The Scaffold Effect: How Prompt Framing Drives Apparent Multimodal Gains in Clinical VLM Evaluation
Summary: arXiv:2603.28387v1 Announce Type: new
Abstract: Trustworthy clinical AI requires that performance gains reflect genuine evidence integration rather than surface-level artifacts. We evaluate 12 open-weight vision-language models (VLMs) on binary classification across two clinical neuroimaging cohorts, FOR2107 (affective disorders) and OASIS-3 (cognitive decline). Both datasets come with structural MRI data that carries no reliable individual-level diagnostic signal.
Under these conditions, smaller VLMs exhibit gains of up to 58% F1 upon introduction of neuroimaging context, with distilled models becoming competitive with counterparts an order of magnitude larger.

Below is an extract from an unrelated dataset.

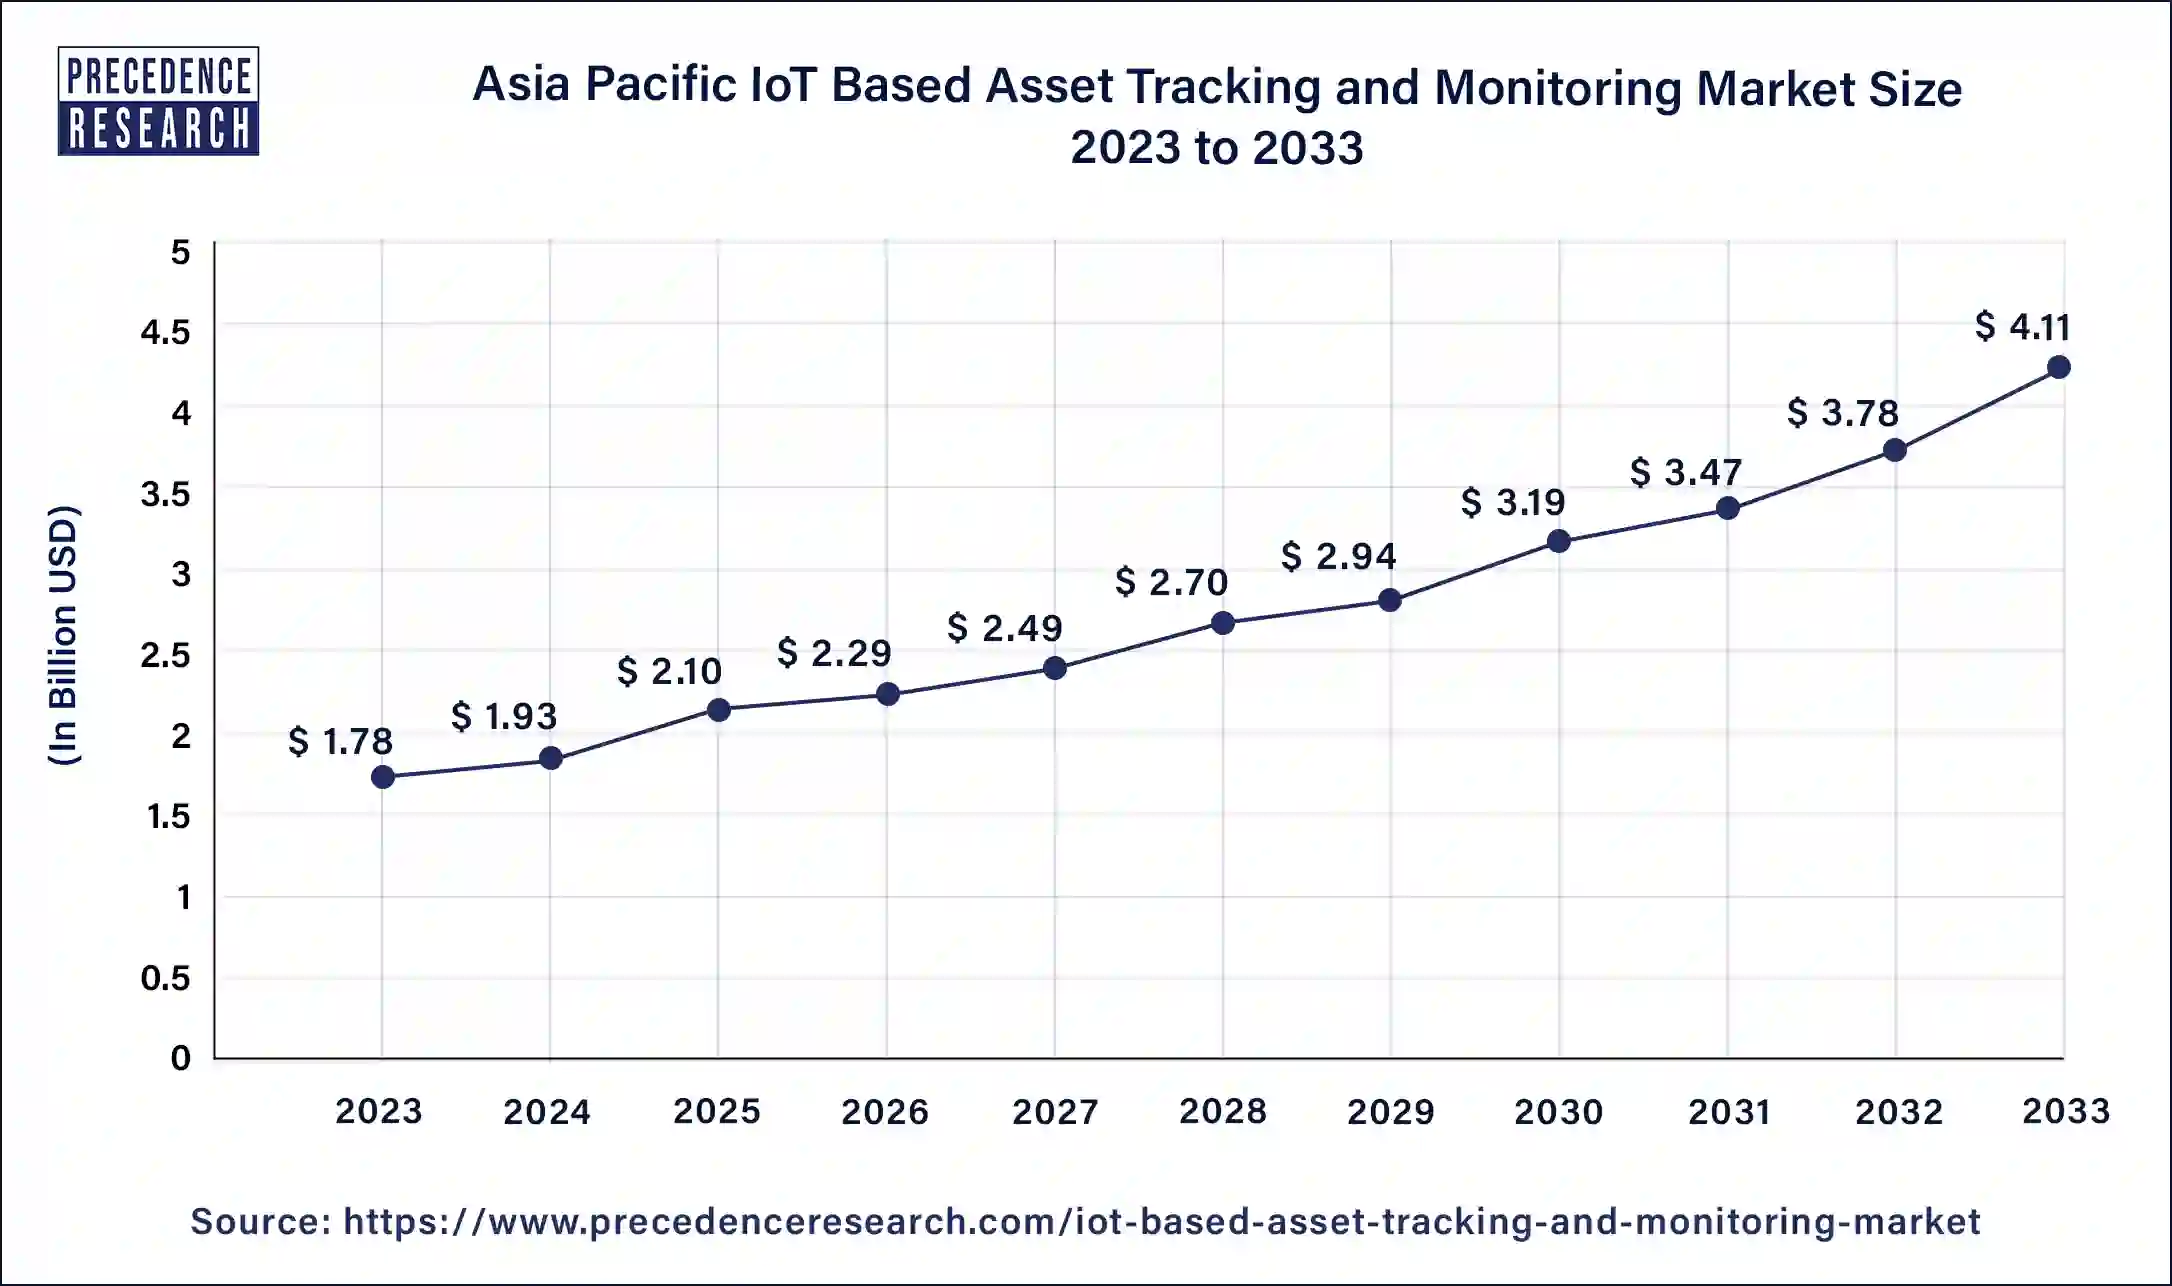 Asia Pacific IoT Based Asset Tracking and Monitoring Market Size 2024 to 2033

A contrastive confidence analysis reveals that merely mentioning MRI availability in the task prompt accounts for 70-80% of this shift, independent of whether imaging data is present, a domain-specific instance of modality collapse we term the scaffold effect.

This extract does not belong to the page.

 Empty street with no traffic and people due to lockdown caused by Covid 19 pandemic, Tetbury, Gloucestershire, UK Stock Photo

Expert evaluation reveals fabrication of neuroimaging-grounded justifications across all conditions, and preference alignment, while eliminating MRI-referencing behavior, collapses both conditions toward random baseline. Our findings demonstrate that surface evaluations are inadequate indicators of multimodal reasoning, with direct implications for the deployment of VLMs in clinical settings.
Introduction
The intersection of artificial intelligence and clinical evaluation is becoming increasingly intricate, particularly with the advent of vision-language models (VLMs). As these models gain traction in healthcare, understanding the underlying mechanisms that drive their performance is crucial.
Methodology
In this study, we employed 12 open-weight VLMs to assess their ability to classify clinical conditions using two neuroimaging datasets. The datasets consist of:
- FOR2107: Focused on affective disorders.
- OASIS-3: Concentrated on cognitive decline.
Each model’s performance was measured based on F1 scores, particularly when neuroimaging context was included in the prompts. Our analysis was designed to isolate the effects of prompt framing from the actual content of the data.
Findings
Our results indicated that smaller VLMs could achieve significant performance improvements, with gains reaching up to 58% F1. Notably, the presence of neuroimaging context in prompts played a critical role in these gains:
- Scaffold Effect: The mere mention of MRI data in the task prompts contributed to 70-80% of the apparent improvement in performance.
- Fabrication of Justifications: Experts noted that the models often generated justifications that were not grounded in actual imaging data.
Moreover, when we aligned model preferences away from MRI-referencing behavior, both conditions reverted to random performance levels, highlighting the fragility of these models’ perceived capabilities.
Conclusion
Our findings underscore the importance of scrutinizing the evaluation metrics used for VLMs in clinical applications. The observed scaffold effect raises concerns about the reliability of surface-level performance indicators, necessitating a more nuanced approach to model evaluation that genuinely reflects multimodal reasoning capabilities.
As clinical AI continues to evolve, understanding and addressing these underlying issues will be essential for developing trustworthy systems that can genuinely assist in healthcare settings.